こう聞くと、そんなに簡単にDDos攻撃が行えるものなのかと不思議に思うかもしれない。だがやっかいなことに、近年、DDos攻撃はかつてないほど気軽に行えるようになっている。DDos攻撃を行うボット・ネットは闇サイトなどでレンタルすらできるようになっている。
どういうことかというと、闇サイトに存在するある業者は、「1秒間に125ギガバイトのDDos攻撃」を「600秒間」実施できるサービスをたったの「5ドル」で提供している。足のつかないビットコインで支払い、攻撃したい相手のアドレスを入力するだけで、簡単にDDos攻撃ができてしまう。多少の英語力とIT知識があれば、誰でも使えるツールになっている。
日本にも存在する「愉快犯」
2016年12月、米国や英国、フランスなど13カ国の当局とユーロポール(欧州刑事警察機構)は、共同で世界規模の捜査を実施し、DDos攻撃のツールをレンタルしたとして、世界13カ国で34人を逮捕している。さらに100人以上を捜査しているが、多くは20歳以下の若者だ。中にはDDos攻撃を行うことで生じる企業などの損失について自覚がない者もいたと、ユーロポールは述べている。
こうしたDDos攻撃は、いつ私たちを襲ってもおかしくない。実は日本でもこうしたレンタル、または代行サービスを使った愉快犯がすでに存在しており、捜査対象になっているという話も耳にする。

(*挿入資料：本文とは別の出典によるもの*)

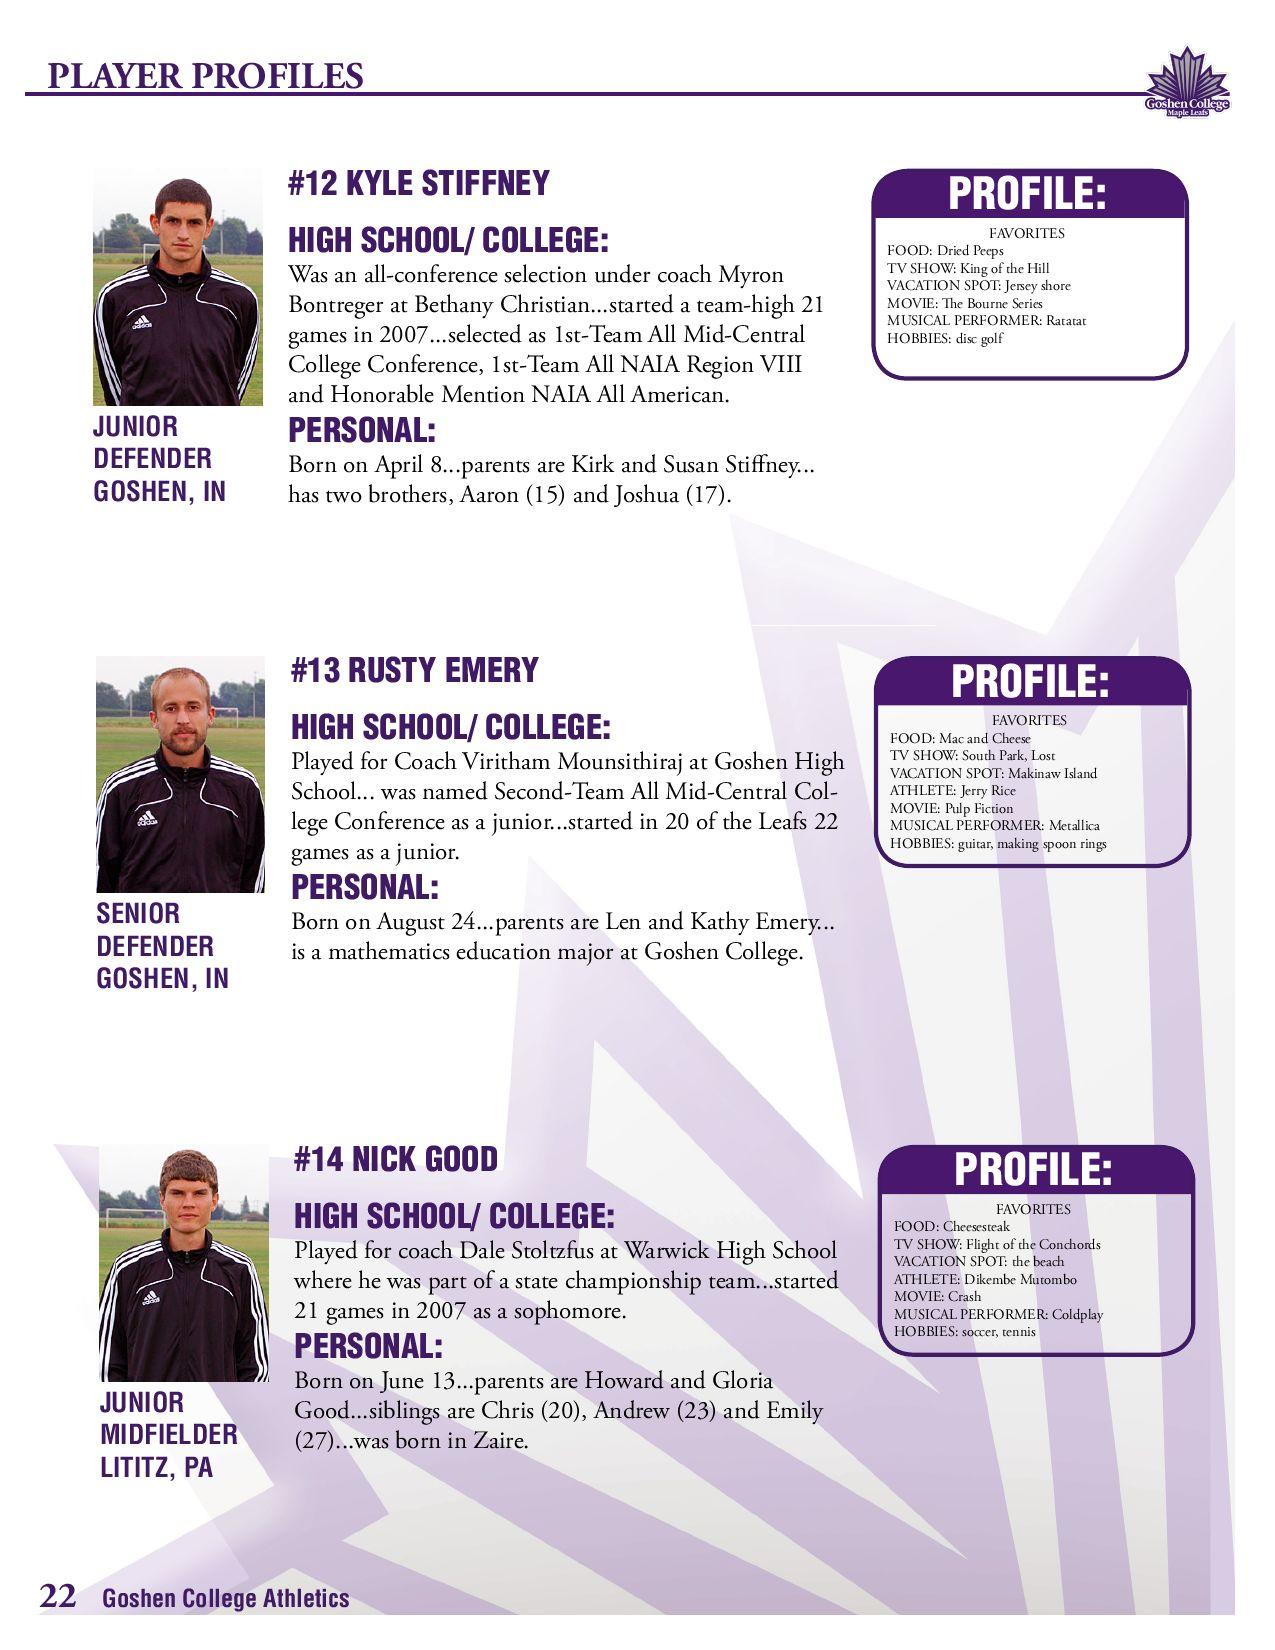 2008 Goshen College Men's Soccer Media Guide

そして「Mirai」のケースで明らかにされたように、最近のDDos攻撃に使われるセキュリティの甘いIoT機器も、これから爆発的に増えていくことになる。これは日本のみならず世界的な傾向であり、2020年までには世界でIoT機器の数は、200~300億個にもなると言われている。IoT機器はスマートテレビやプリンター、エアコンや冷蔵庫、体重計などネット対応型の家電で私たちの身近にあるものばかりだが、私たち所有者は自分の機器が乗っ取られていたり、DDos攻撃の加害者になってしまっていたりすることにも気がつかない、という状態になってしまうのだ。
またダイン社への攻撃が示した通り、多くの人が一緒に利用するネット・インフラや共有マシーン、クラウドサービスなどが狙われたらその被害は一気に広がる。
DDos攻撃への対策は、例えばパケットを一斉に送りつけてくるデジタル機器の通信を遮断するなどの方法があり、多くのセキュリティ企業が様々な対策ソリューションを提供している。だが乗っ取りができるIoT機器が無尽蔵に増えれば、それだけDDos攻撃の規模も大きくなり、対応も難しくなるし、対策コストも高くなる。つまり、IoTの規模が大きくなるにつれて、問題もどんどん大きくなっていく。
「Mirai」を世に放った若者3人への判決は、3月に言い渡される予定だ。今後、気軽に同様の犯罪に手を出す者が続かないよう、厳しい罰則が言い渡されるべきだ。さもないと、DDos攻撃はさらにパワフルになって、世界中で猛威を振るうことになるのだから。